Is the recent bullish news providing a marketing opportunity? Grain market daily

Tuesday, 27 June 2023

Market commentary

  • UK feed wheat futures (Nov-23) closed yesterday at £207.25/t, gaining £0.25/t from Friday’s close. Nov-24 futures closed at £214.00/t, gaining £2.50/t over the same period.
  • There was mixed price movements for global wheat markets yesterday. While Chicago wheat futures rose on Monday over concerns about political stability in Russia, prices later declined in a technical and profit-taking retreat. The Paris wheat market also ended down, as much of Europe will receive some rain over the next seven days which will benefit spring cropping.
  • Paris rapeseed futures (Nov-23) closed yesterday at €448.75/t, gaining €10.00/t from Friday’s close. Rapeseed prices gained from support in both Chicago soyabean and soya oil markets. There are concerns of persistent drought conditions in the US Midwest, despite scattered rains in some areas.

Is the recent bullish news providing a marketing opportunity?

With harvest 2023 fast approaching, inputs for the 2024 crop are starting to be procured and planting intentions finalised. Could recent support over the last month be providing an opportunity to be marketing grain for harvest 2024?

Arable crop margins in large have been squeezed for the 2023/24 marketing year in comparison to pre-war times, from high input costs such as fertiliser and fuel. To give context, in May 2022, UK produced AN for spot delivery averaged £716/t, with Nov-23 UK feed wheat futures averaging c.£275/t for the month (May 2022). This May, UK produced AN averaged £390/t, and Nov-24 futures have averaged c.£197/t over the same month. While there are many factors to consider when looking at margins, with fertiliser prices dropping faster than grain prices, margins could be improving for crop 2024.

Recently, Nov-24 futures have been supported from the dry weather in both the USA and EU as well as reignited political instability around the Black Sea. Read more in yesterday’s market report.

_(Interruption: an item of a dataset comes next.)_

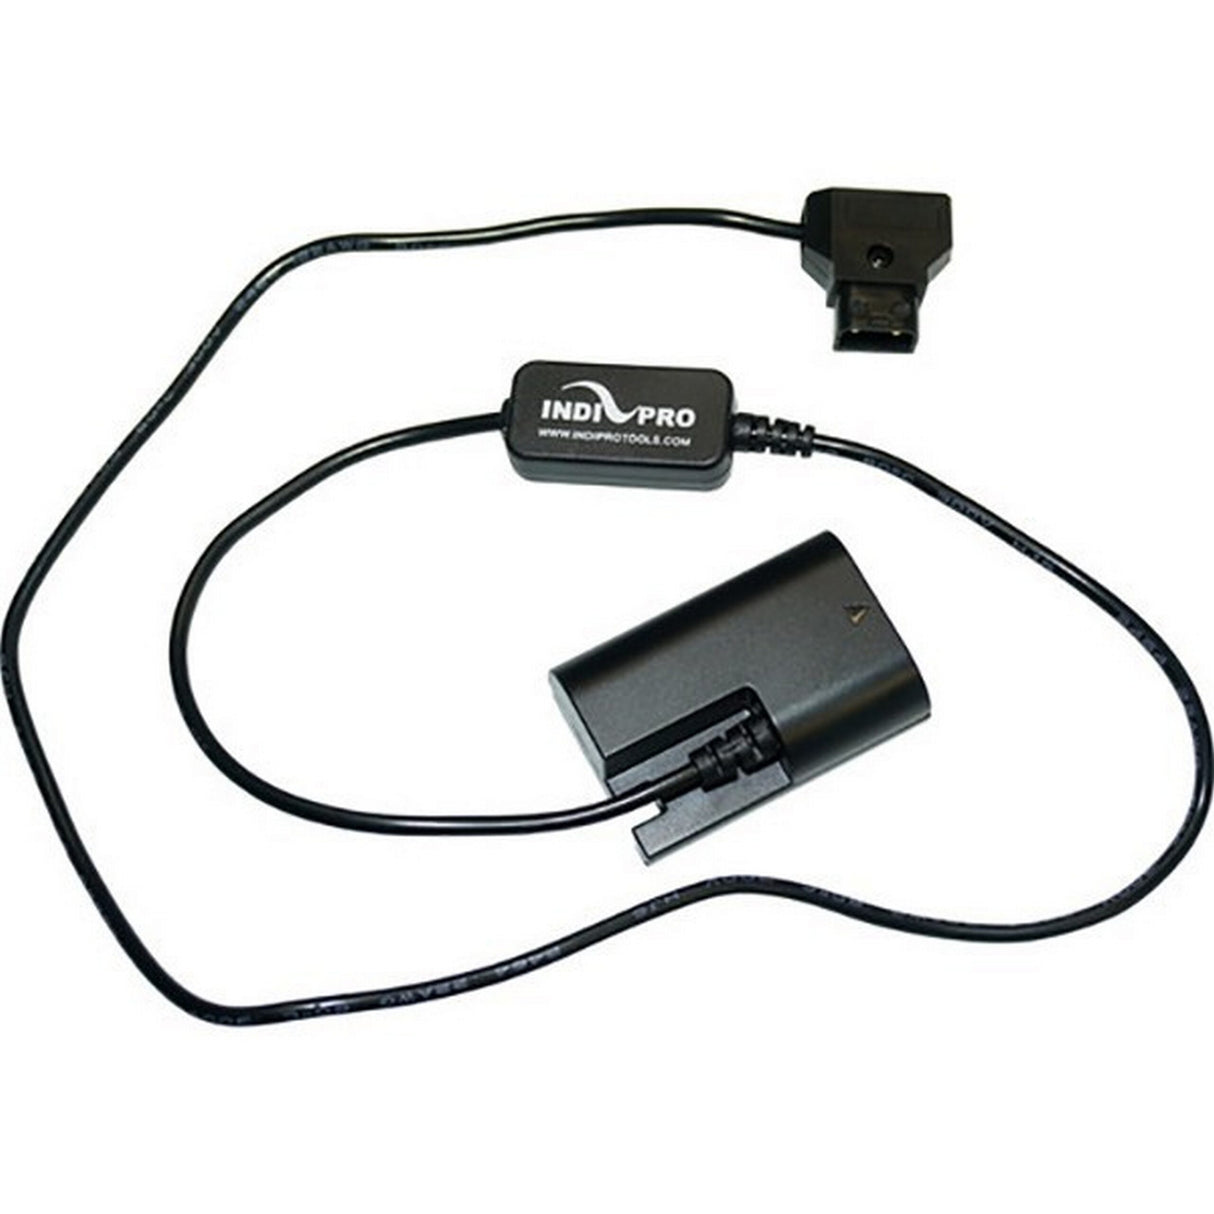 IndiPRO SHPTE6 Power Converter D-Tap to Canon LP-E6 Dummy Battery for SmallHD Monitors, 30-Inch

  A graph showing UK feed wheat futures prices.

Over the last eight months, the continuation of the Black Sea Initiative, combined with benign weather in key growing regions, has led to Nov-24 futures falling from their peak of £262.50/t in October 2022 to as low as £189.40/t at the end of May 2023. However, recent events (mentioned above) have seen the contract climb to £214.00/t, based on yesterday’s close (26 June).

So if you have procured your fertiliser and seed for harvest 2024, formulating cost of production or a breakeven point will be clearer. While output is unknown for a crop that hasn’t even been put in the ground yet, it is worth assessing whether these forward prices could be profitable.

The bullish news of dryness and further Black Sea tensions is currently being factored into the market – and as history has shown us, if it’s not constantly fed with ‘new news’, then grain markets could drop again when a peak is reached.

Although the peak of £262.50/t last October for the Nov-24 contract may have passed, short-term bullish news could provide an opportunity for marketing grain. It goes back to the old adage: “The best time to plant a tree was 20 years ago. The second-best time is now.” The same goes for marketing grain: the best time to market the 2024 crop might have been last October, but what if now is the second-best time, to lock in a margin if your overheads are known?

However, all considerations need to be made when locking in prices. There isn’t a crystal ball to indicate whether prices will reach the recent historic highs; it all depends on fundamentally what happens in the Black Sea.